Intel is also on the same path. Intel’s as-yet unproven Ponte Vecchio GPUs come with a new interconnected node design that leans on its new XE Memory Fabric, complemented by a ‘Rambo Cache,’ to tie together CPUs and GPUs into a single coherent memory space. This design will power the one-exaflop Aurora supercomputer.

Meanwhile, Nvidia might suffer in the supercomputer realm because it doesn’t produce both CPUs and GPUs and, therefore, cannot enable similar levels of integration. Is this type of architecture, and the underlying unified programming models, required to hit exascale-class performance within acceptable power envelopes? That’s an open question, but both AMD and Intel have won exceedingly important contracts for the U.S. DOE’s exascale-class supercomputers (the broader server ecosystem often adopts the winning HPC techniques), but Nvidia hasn’t made any announcements about such wins despite their dominating position for GPU-accelerated compute in the HPC and data center space.
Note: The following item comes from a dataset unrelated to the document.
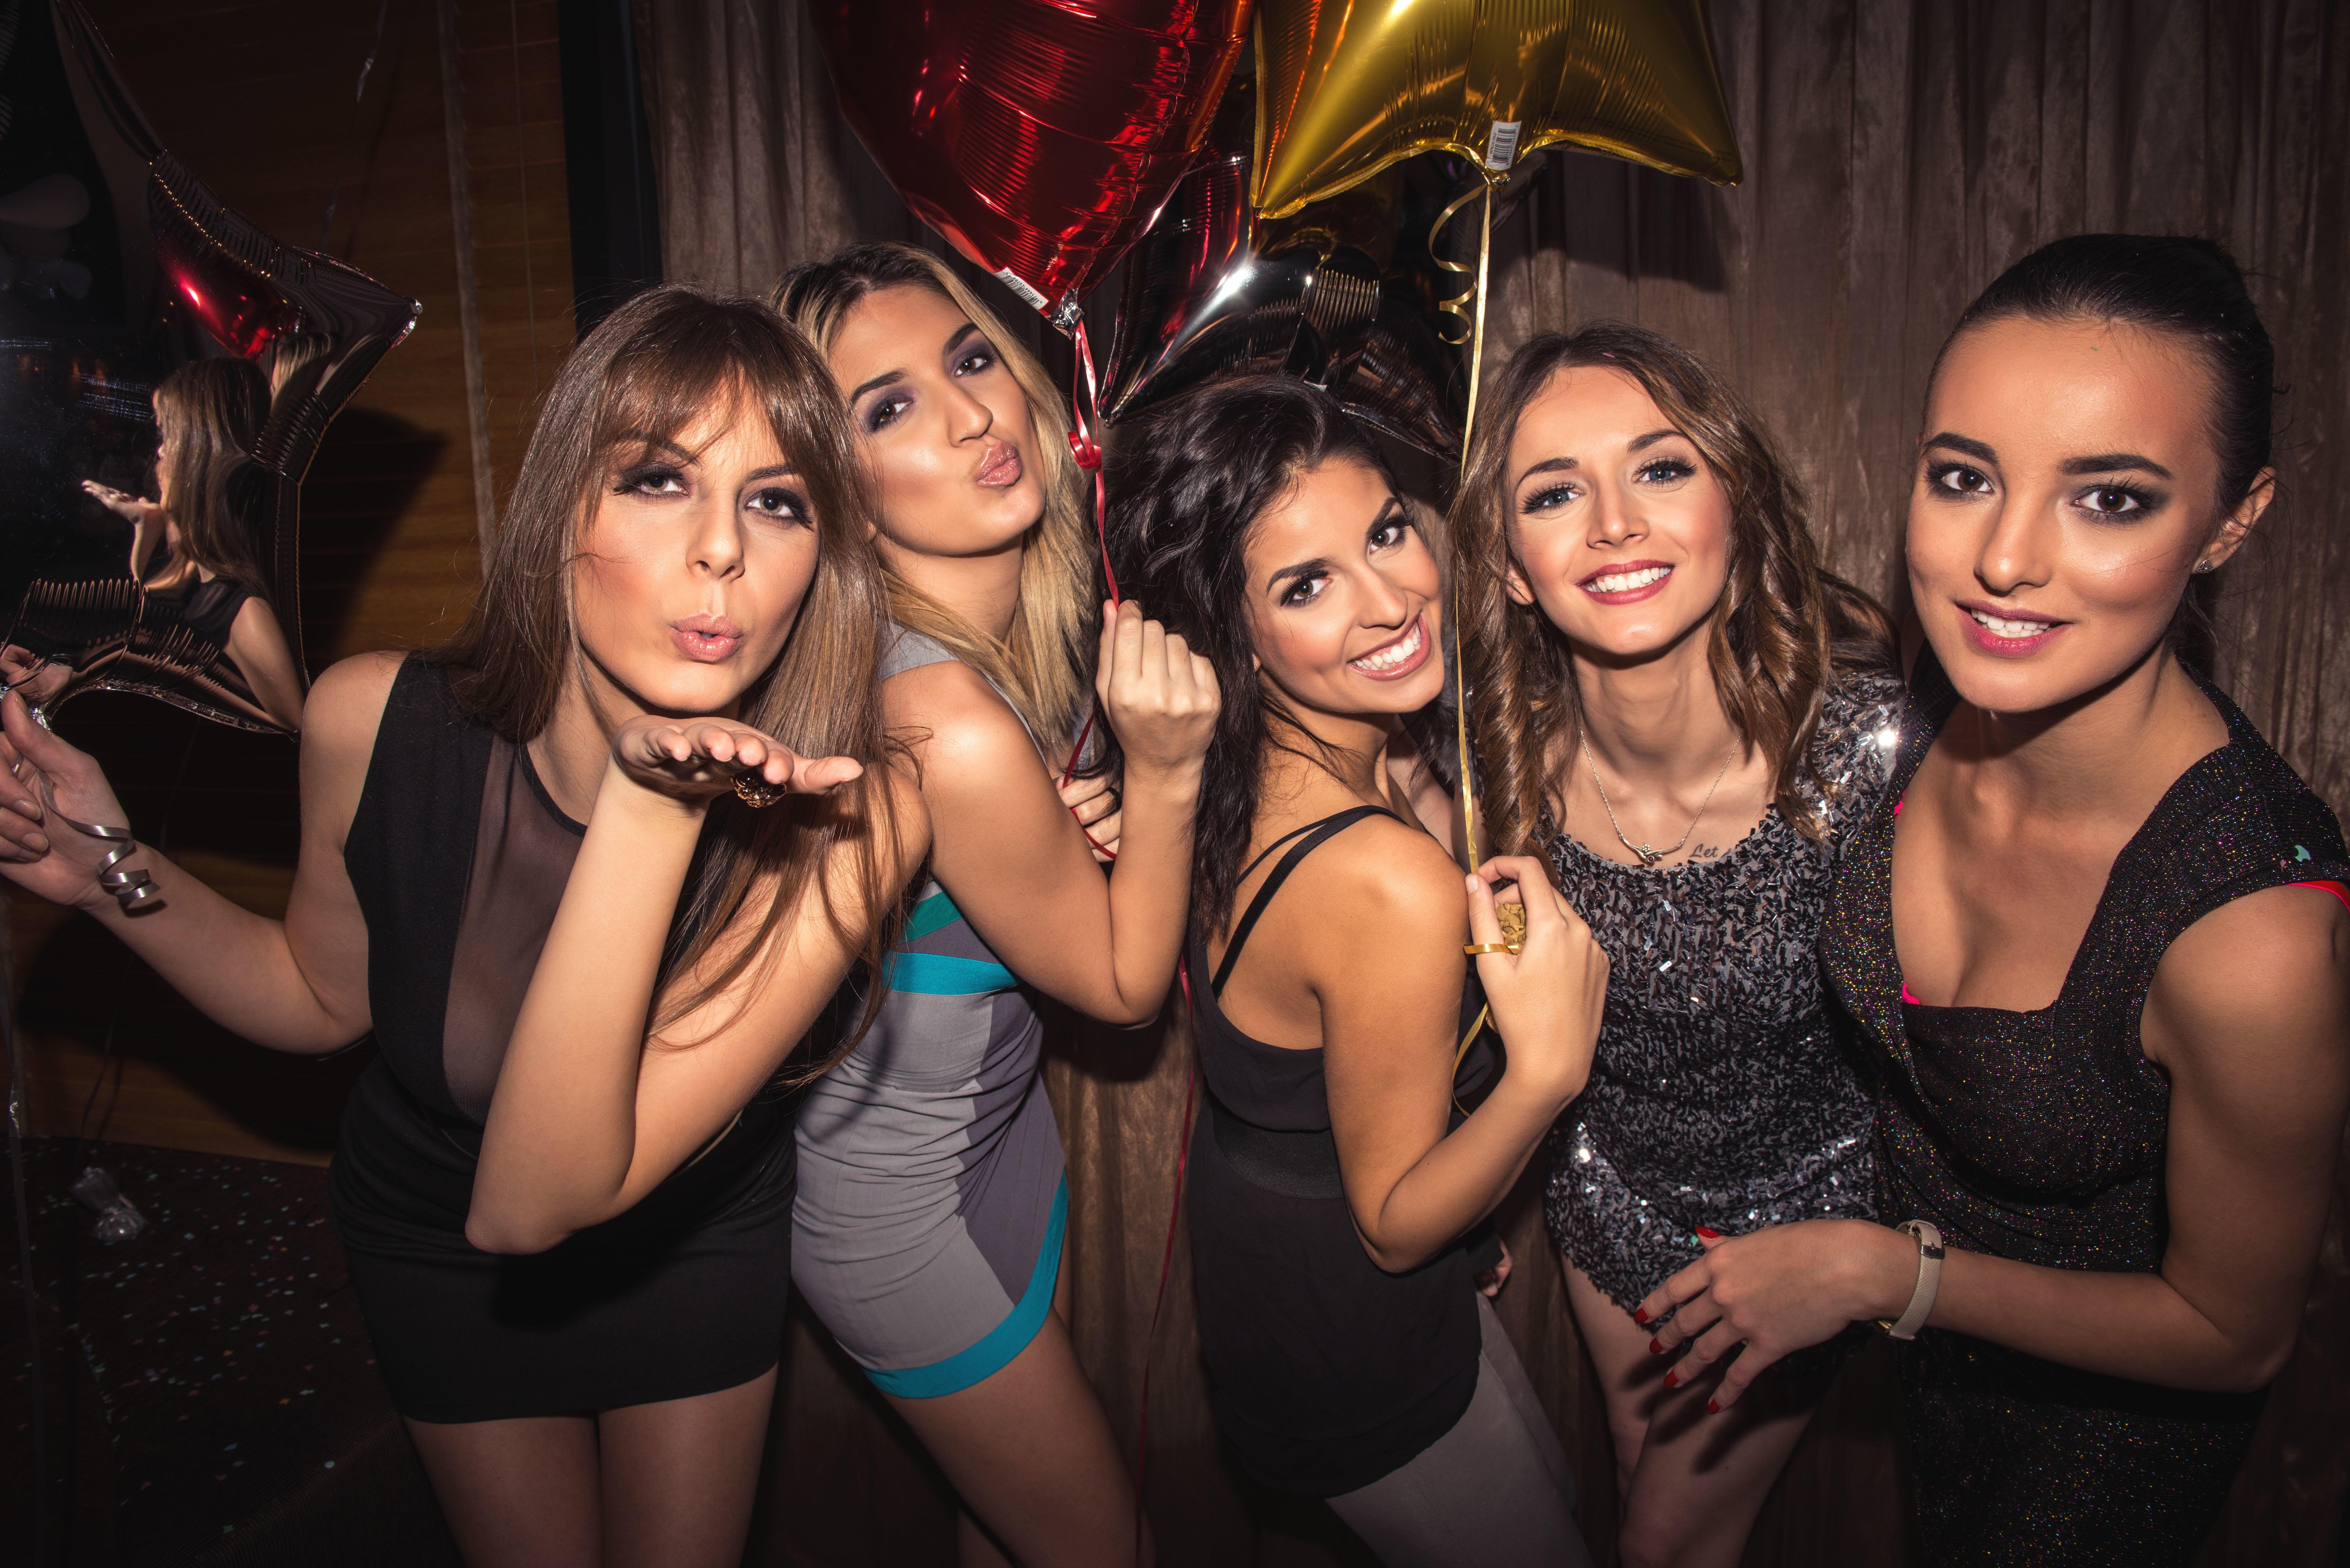 LIVET ER EN FEST: Ifølge en britisk spørreundersøkelse burde du slutte å dra på nattklubb etter fylte 37 år.

As such, we can expect Nvidia to expand into more holistic rack-level architectures to complement its prowess in GPU compute. Mellanox has plenty of promising new products, including the chiplet-based Spectrum-3 line in the works, and Nvidia’s recent acquisition of SwiftStack (for an undisclosed sum) also opens the possibility for complementary storage software that enables large-scale AI systems. This object-based storage company has plenty of experience with vast network-attached data repositories used for AI workloads, which ties in nicely with Nvidia’s burgeoning portfolio.  

The industry is rife with speculation that all that’s left for Nvidia to do is to roll out its own CPUs. ARM, anyone? 

Nvidia plans to take over Mellanox on April 27th.